Ездила Ирена и в студенческое общежитие, к бывшим подружкам. Ах, вернуться бы! Вернуть прошлое! Многие знакомые девушки еще жили там. Встретили с дружеской веселостью — а она чувствовала, как что-то их разъединяет. Ей уже нет места среди них. Талантливая Ирена Стракова зарыла свой талант… Нет, еще нет, она еще может начать сначала, она это знает, докажет им! Кое-кто из бывших однокурсниц уже составил себе имя, выступает в концертах — Ирена читала на афишах их фамилии, и горькая зависть охватывала ее, смешиваясь с укорами совести. Знали бы они!.. С плохо скрытым любопытством девушки спрашивали, как ей живется, — Ирена не жаловалась. Зачем рассказывать? Они ей не помогут, это касается ее одной…

Возвращаясь, она приняла решение оставить квартиру, которая ее угнетает. Глупая, ничтожная, безумная мысль… Куда ей съезжать? От мужа? Да — и от него! А имеет ли она право бросать его именно сейчас, когда ему так трудно? И вообще это неосуществимо, не найти ей другого пристанища, даже койки в общежитии.

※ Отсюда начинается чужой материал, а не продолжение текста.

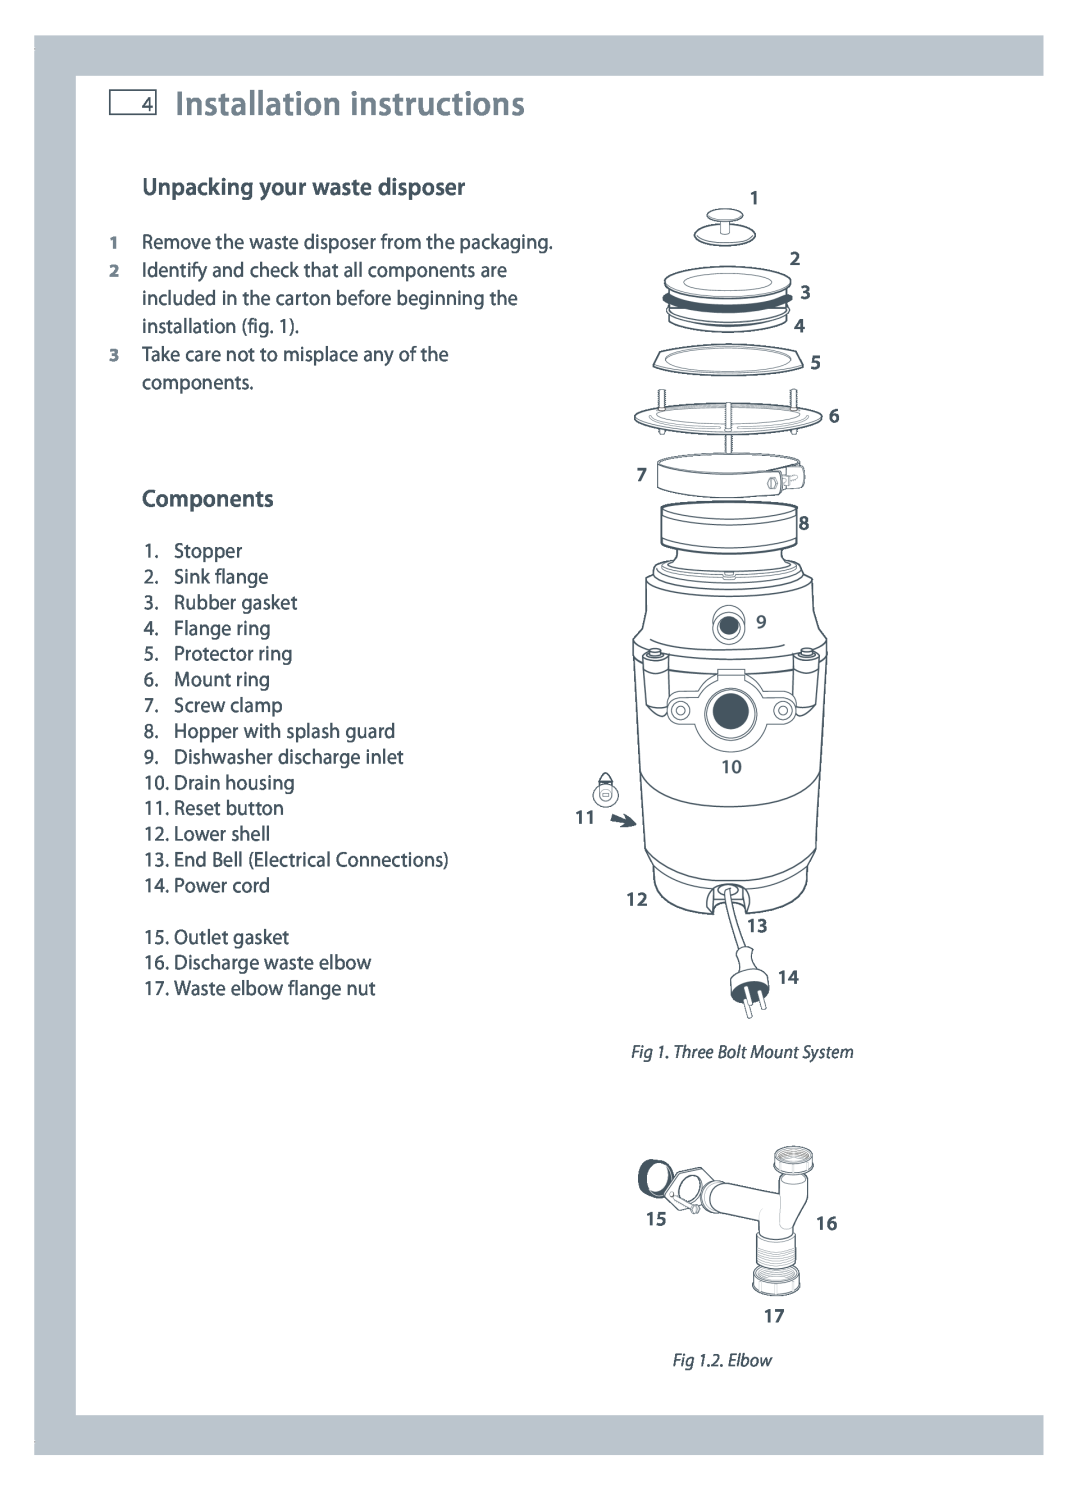 Fisher & Paykel GD50S1 installation instructions Unpacking your waste disposer, Components, Installation instructions

Раж, вернувшись домой, недоуменно покачал головой: заметил — Ирена сняла с пальцев все украшения, надела поношенное простое платье, которое сама купила до замужества, и перебралась в маленькую комнатушку, выходившую в холл. Этим узеньким помещеньицем с окном в сад никогда не пользовались — Раж не терпел постоянной прислуги, уборку четырех остальных комнат взяла на себя домоуправша. Кровать да пустой шкаф — вот и все, что было в этой комнатушке. Ирена перенесла сюда стеганое одеяло, подушку, чемоданчик, с которым, счастливой новобрачной, переступила порог этой квартиры, и кучу нот. Только это ее, больше ничего. Ирена знала, что взбесит мужа, и не ошиблась. Он вошел к ней, сел на кровать и взъерошил пальцами свои густые волосы.

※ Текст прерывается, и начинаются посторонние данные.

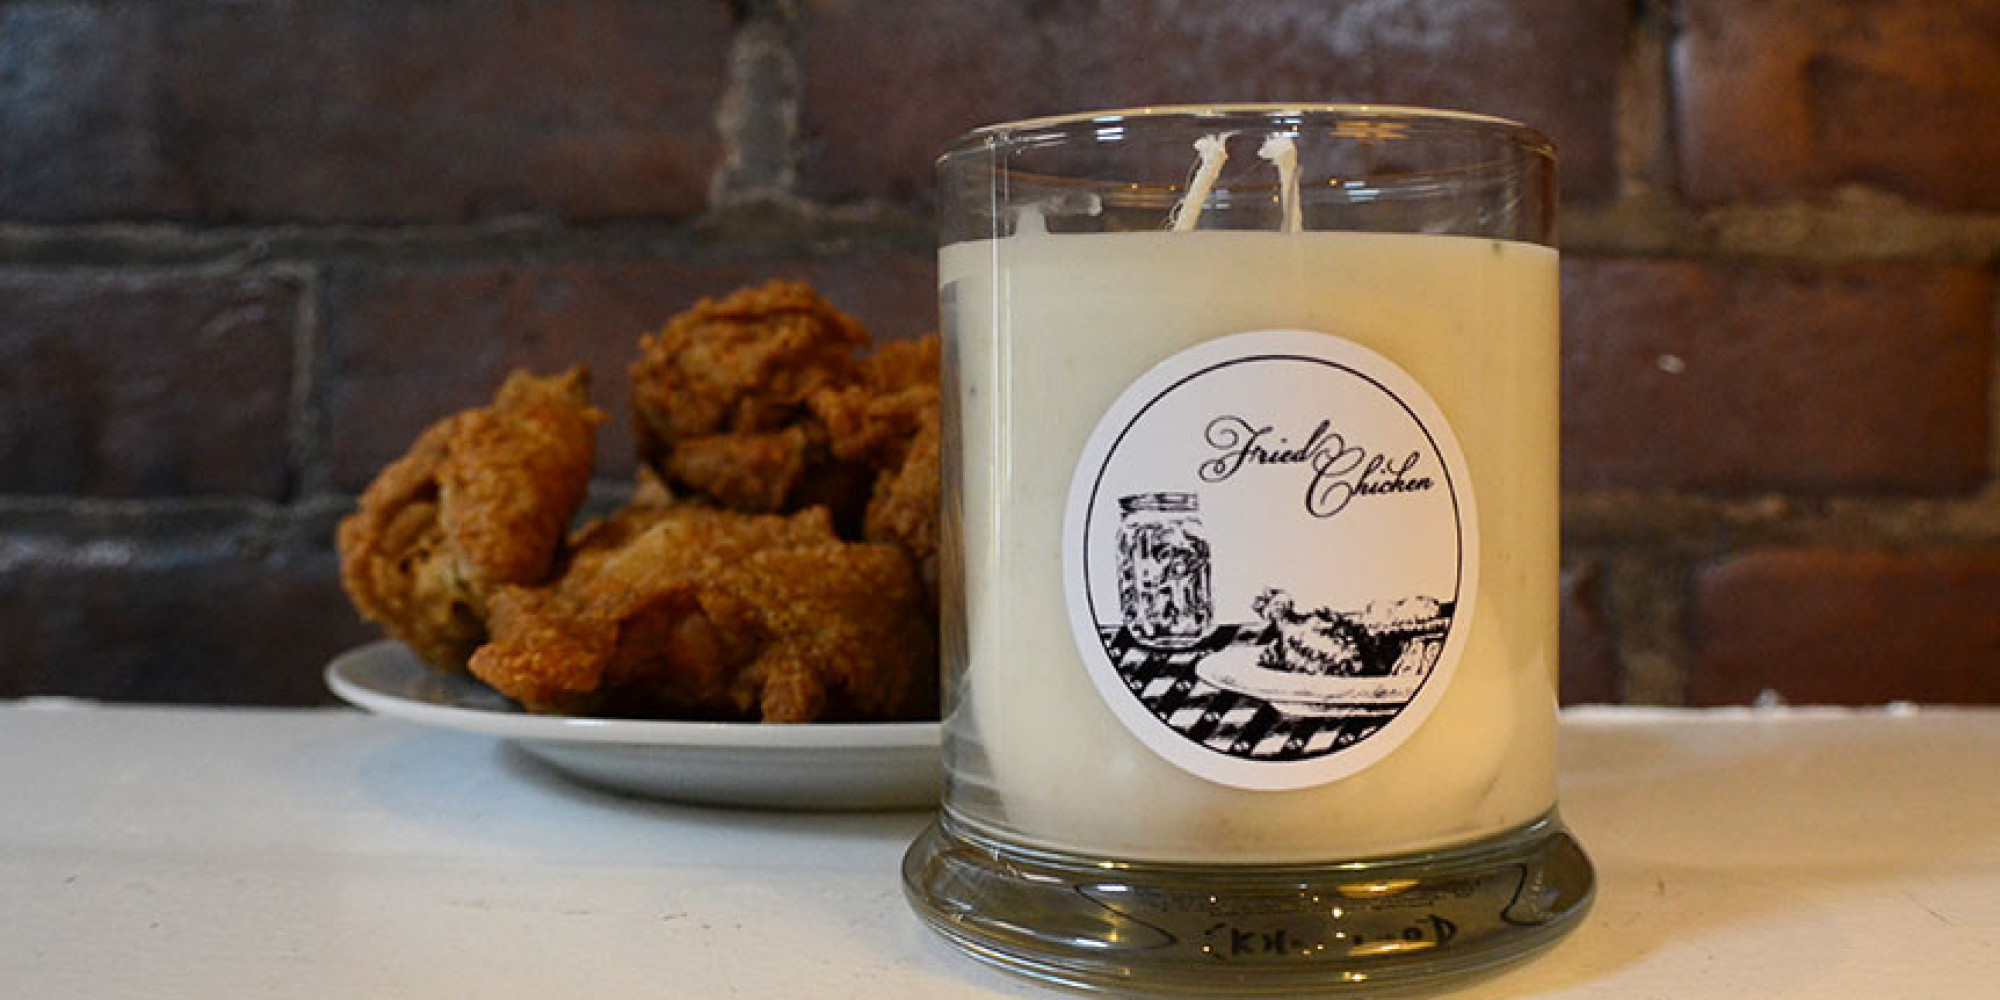 Kentucky Fried ChickenScented Candles. For the Holidays? Racked

— Это что, демонстрация? — спросил он, еще владея собой. — Против чего? Ты хоть отдаешь себе отчет, до чего ты смешна? Это же глупость, дикая идея!

— Да. — Ирена стояла, опираясь спиной о шкаф, в который складывала ноты, и смотрела ему в лицо с раздражением и упрямством. — Думай что хочешь. Только прошу не уговаривать.

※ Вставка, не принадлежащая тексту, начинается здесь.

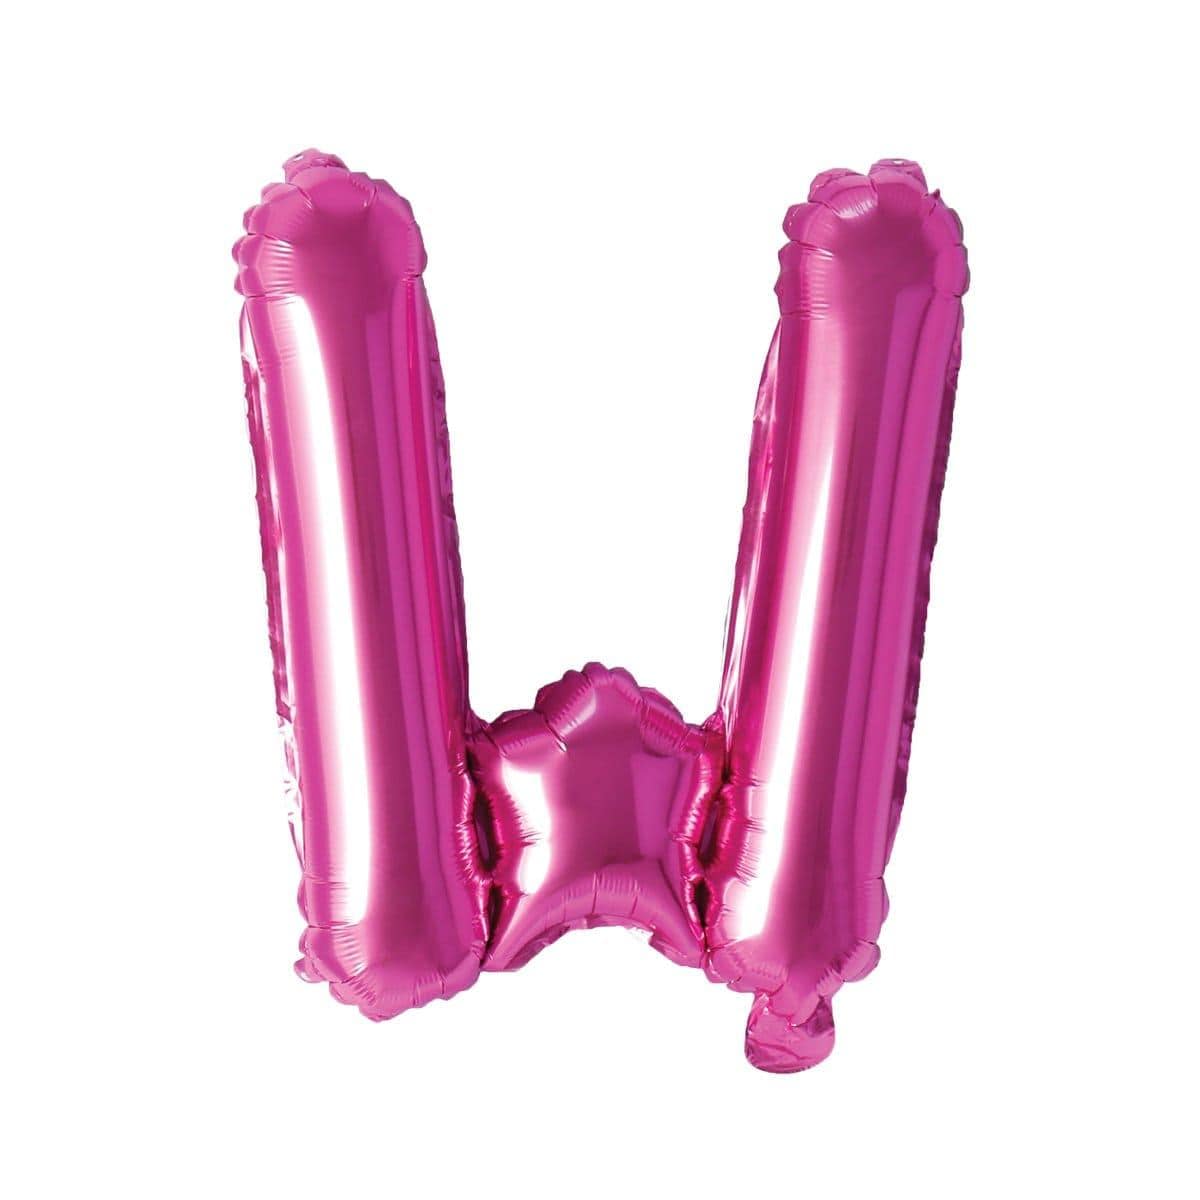 Buy Balloons Pink Letter W Foil Balloon, 16 Inches sold at Party Expert

Ондра был достаточно проницателен, чтоб не пытаться сломить ее бессмысленный, ребяческий бунт. Лучше смириться и не ставить под удар конечный успех резким несогласием с ее дикой выходкой. Он умел владеть собой, даже когда в нем бушевала ярость. Мгновение ему казалось — он ненавидит ее, как врага, как… И он помолчал, напряженно наблюдая за ней, потом кивнул головой и снисходительно улыбнулся:

— Пожалуйста, как хочешь. Мне всегда были несколько неясны пути твоего мышления. Это что же — пародия на бедность? Я скажу управдомше, пускай принесет корыто с ведром, если угодно. А впрочем, квартира-то все равно только временно наша, недолго нам тут жить, выставят нас…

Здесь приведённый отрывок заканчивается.